Creating a topic and writing and reading messages
Now, I wanted to create a topic and write messages to the topic, just to see if these were picked up by the web UI. So, I repeated some of the steps from the Quick Start.
[https://developer.confluent.io/quickstart/kafka-docker/]
UI for Apache Kafka
I used vagrant ssh to connect into the running VM. Next, I used the appropriate commands (I described in my previous article) on the Linux Command Prompt.
On my Windows laptop, in a Web Browser, I entered the URL:
The web UI started.
This time, the Kafka broker could be found.
In the left menu, I clicked on Topics.
Next, I clicked on quickstart.
Then, I clicked on tab Messages.
The 3 messages were found.
So, I finally got the result I was looking for.
Then, in order to list networks, I used the following command on the Linux Command Prompt:
docker network ls
With the following output:
NETWORK ID NAME DRIVER SCOPE a669d30f7ed4 bridge bridge local f356f74a1780 docker-compose_default bridge local ae86e253ccb2 host host local a1c22fae8af1 none null local
Then, in order to display detailed information on one or more networks (in my case the network named bridge) , I used the following command on the Linux Command Prompt:
docker network inspect bridge
With the following output:
[
{
"Name": "bridge",
"Id": "a669d30f7ed4c98758c967c71505f0f25b0df0ad1d58ef0e427d626845f2cbe4",
"Created": "2022-01-07T06:40:29.803554769Z",
"Scope": "local",
"Driver": "bridge",
"EnableIPv6": false,
"IPAM": {
"Driver": "default",
"Options": null,
"Config": [
{
"Subnet": "172.17.0.0/16"
}
]
},
"Internal": false,
"Attachable": false,
"Ingress": false,
"ConfigFrom": {
"Network": ""
},
"ConfigOnly": false,
"Containers": {},
"Options": {
"com.docker.network.bridge.default_bridge": "true",
"com.docker.network.bridge.enable_icc": "true",
"com.docker.network.bridge.enable_ip_masquerade": "true",
"com.docker.network.bridge.host_binding_ipv4": "0.0.0.0",
"com.docker.network.bridge.name": "docker0",
"com.docker.network.driver.mtu": "1500"
},
"Labels": {}
}
]
As you can see, there are no containers in this network.

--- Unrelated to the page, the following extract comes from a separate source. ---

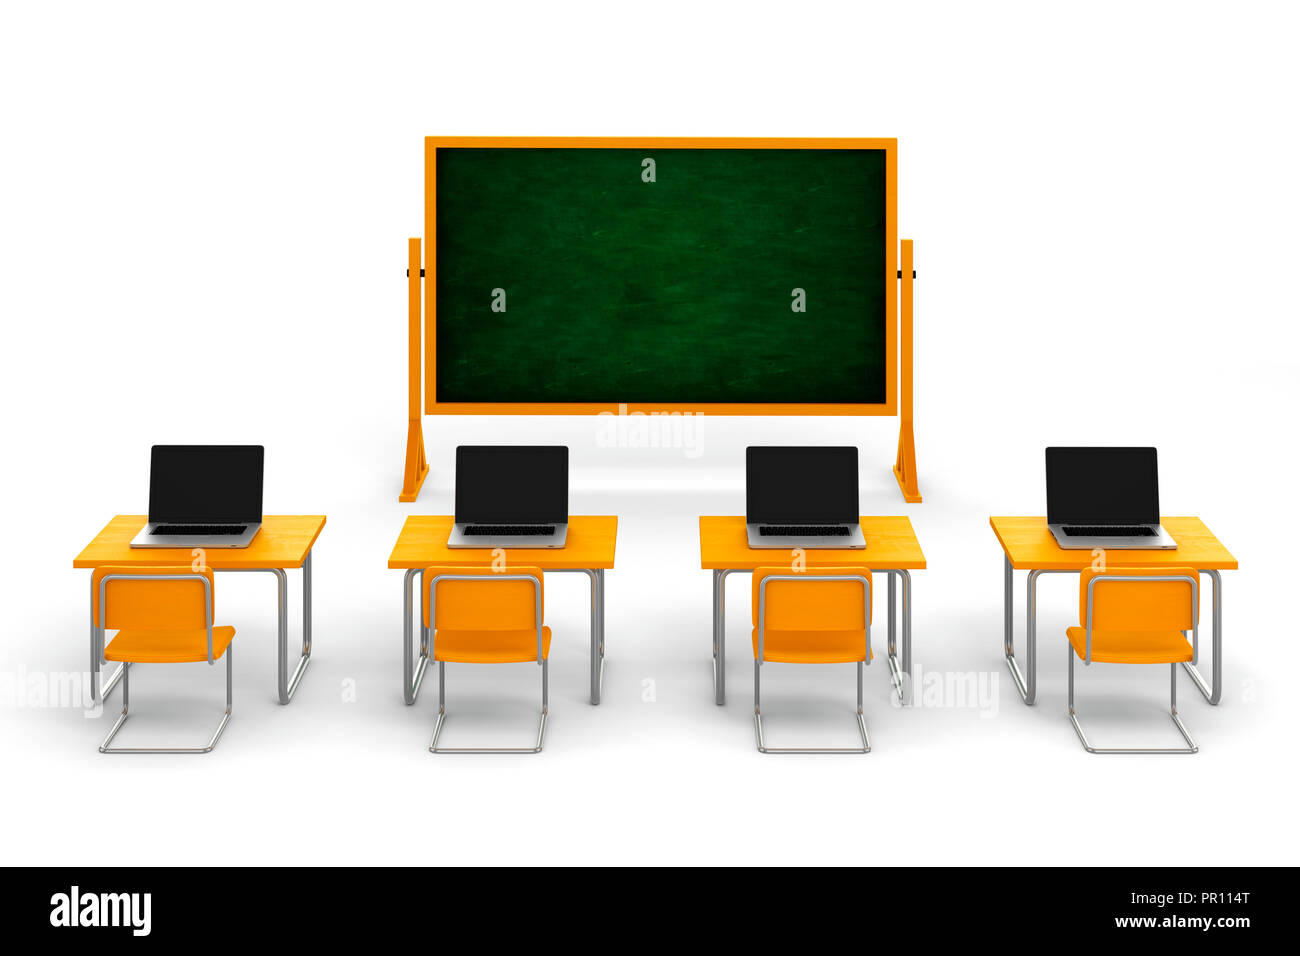 3d Classroom With Desks And Laptops On White Background Stock

Next, in order to display detailed information on one or more networks (in my case the network named docker-compose_default) , I used the following command on the Linux Command Prompt:
docker network inspect docker-compose_default
With the following output:
[
{
"Name": "docker-compose_default",
"Id": "f356f74a17808d8c6dd40621dcac24b124007106a99af67430bb120ecf8a8f8d",
"Created": "2022-01-07T06:41:07.231820169Z",
"Scope": "local",
"Driver": "bridge",
"EnableIPv6": false,
"IPAM": {
"Driver": "default",
"Options": null,
"Config": [
{
"Subnet": "172.18.0.0/16",
"Gateway": "172.18.0.1"
}
]
},
"Internal": false,
"Attachable": true,
"Ingress": false,
"ConfigFrom": {
"Network": ""
},
"ConfigOnly": false,
"Containers": {
"08ca78c86c6059da3b900ee6d9d79a302acd806f1cbb534b04c0f8399605747d": {
"Name": "docker-compose_kafdrop_1",
"EndpointID": "9d5457de4eade244bc688addc51e25f45defb9eb6bbe777744297af02adf3d8e",
"MacAddress": "02:42:ac:12:00:04",
"IPv4Address": "172.18.0.4/16",
"IPv6Address": ""
},
"3d99bb38d660e261966e9d3c9a01b9f2927ba95f0c83abe2f0630635cf5e4a80": {
"Name": "kafka-ui",
"EndpointID": "d6f9ffbf88b70a6bb2bedea4cc8902cf97216685c640aeb312543e1cc4613a7d",
"MacAddress": "02:42:ac:12:00:05",
"IPv4Address": "172.18.0.5/16",
"IPv6Address": ""
},
"4df9df3c5c9ae5c507c2fc2abfbddb69ac712342cd8042cf24468f212f73c865": {
"Name": "zookeeper",
"EndpointID": "fdffbe7e25330f448392e9e05560217d8754a39ce32540b078a8b94b711bac6f",
"MacAddress": "02:42:ac:12:00:02",
"IPv4Address": "172.18.0.2/16",
"IPv6Address": ""
},
"51ce7a7fd5180f4c804bb16df6b6aa1821250fe3228fd90c3fa824728b24254a": {
"Name": "broker",
"EndpointID": "0d371fabbfc317494fcf306cf80f1523c077a03d30cf1eb8eebd9c9bed92f6e5",
"MacAddress": "02:42:ac:12:00:03",
"IPv4Address": "172.18.0.3/16",
"IPv6Address": ""
}
},
"Options": {},
"Labels": {
"com.docker.compose.network": "default",
"com.docker.compose.project": "docker-compose",
"com.docker.compose.version": "1.29.2"
}
}
]
To summarize this, I created this overview:
As you can see, the kafka-ui container is now part of the same network as the other containers.
So, besides “Kafdrop”, now I also got “UI for Apache Kafka” to work on my demo environment. Although I now had two Web GUI’s for Apache Kafka on my demo environment, I decided to leave it like this for now.
In the next part of this series of articles the focus is on installing and using Apache Kafka Connect.